For an awful moment Eliza thought she might start crying. Tears pricked her eyes and an enormous lump, as big as if she’d swallowed a whole loaf of bread, sat in her chest. She smiled—mainly to crinkle up her eyes and stop the tears popping out—and looked down at her rucksack. She took a lot of trouble over putting her ticket away and opening and closing all the zips.
The conductor looked at her for three and a half more seconds—which she counted—and then turned to the next person and went on down the carriage: “Hello, hello, here we are, tickets please…” Eliza thought that everyone must be looking at her. She stared out of the window until the red-hot feeling went away.
At last the train began to slow down and it passed an on-the-top Underground station. When she saw that round red-and-blue sign it was so familiar that Eliza felt as safe as
if she really were being met off the train—as if Eliot had come from Hampstead in her little car to stand at the barrier and wave. Even though this was not the end of her journey Eliza felt like cheering and running up and down the aisle with her shirt over her head, like the boys did when they scored at football. Instead she joggled in her seat and grinned at her reflection in the window pane. She made the face of a triumphant tiger at the swoop and dip of the neighboring tracks which were slowing down and turning from a formless gray mash into a neat threaded pattern of ribbons and streamers.
Everything that had come out of her rucksack was zipped back into its pocket. She fished out her Oyster card and gripped it in her hand, so hard that its edges marked her palm. She struggled to contain her elation. She wanted to shout and boast to everyone on the train and to chant under her breath something that would accompany the clatter and swallow of the train’s wheels over the points: Eliot Fox, Eliot Fox, Eliot Fox.

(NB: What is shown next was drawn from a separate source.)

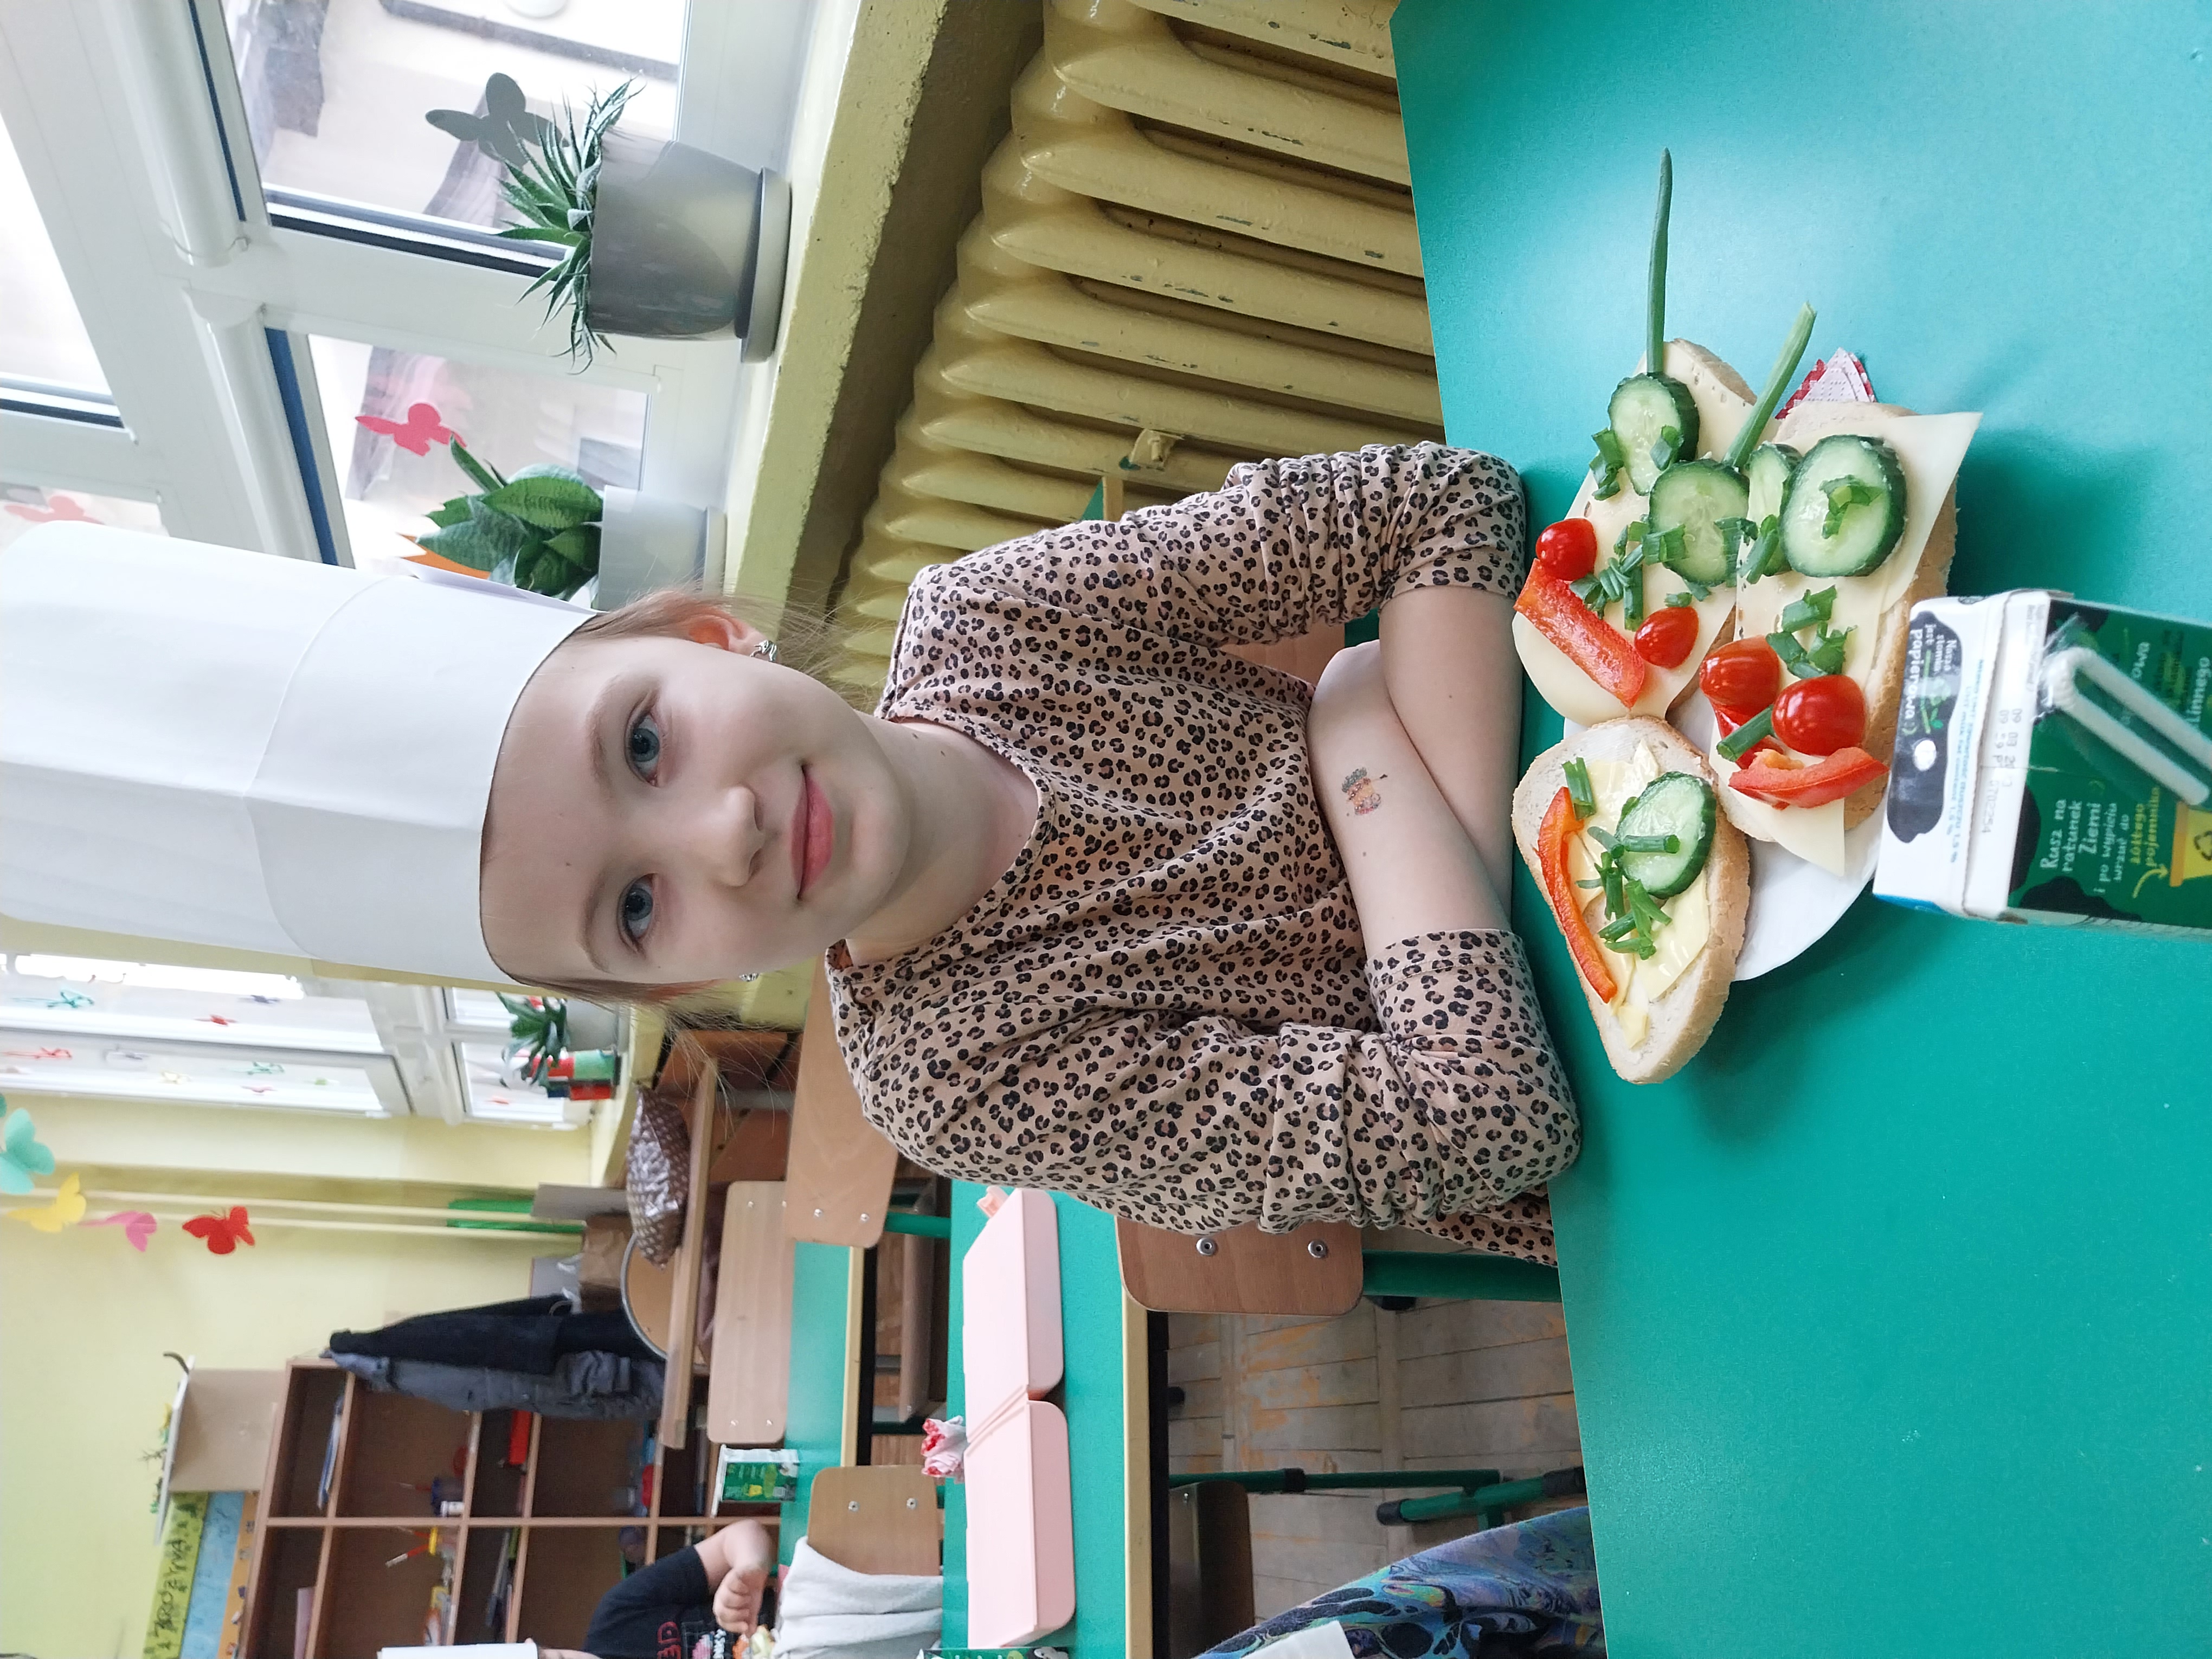 Dziewczynka w czapce kucharskiej siedzi przed talerzem z kanapkami

Eliot was not at the barrier but someone else, someone whom Eliza knew and loved, was there instead: her grandmother. Val was standing in a familiar pose—hands clasped in front of her and handbag tucked under one elbow—but she was looking older than usual. Eliza spent a moment staring—Was it her? Could it be?—before recognition spread like melted butter.
When she knew for sure that it was Val she wanted to laugh, cry and shout out her name. She slowed right down, faltering, and then speeded up and ran the rest of the way, saying, “Gravel! Gravel!” under her breath.
Her grandmother caught sight of her and right away looked ten years younger, as if she had swallowed a miracle drink. She broke into a smile, stepped forward and met Eliza’s running—flying—body with open arms. They both hung on.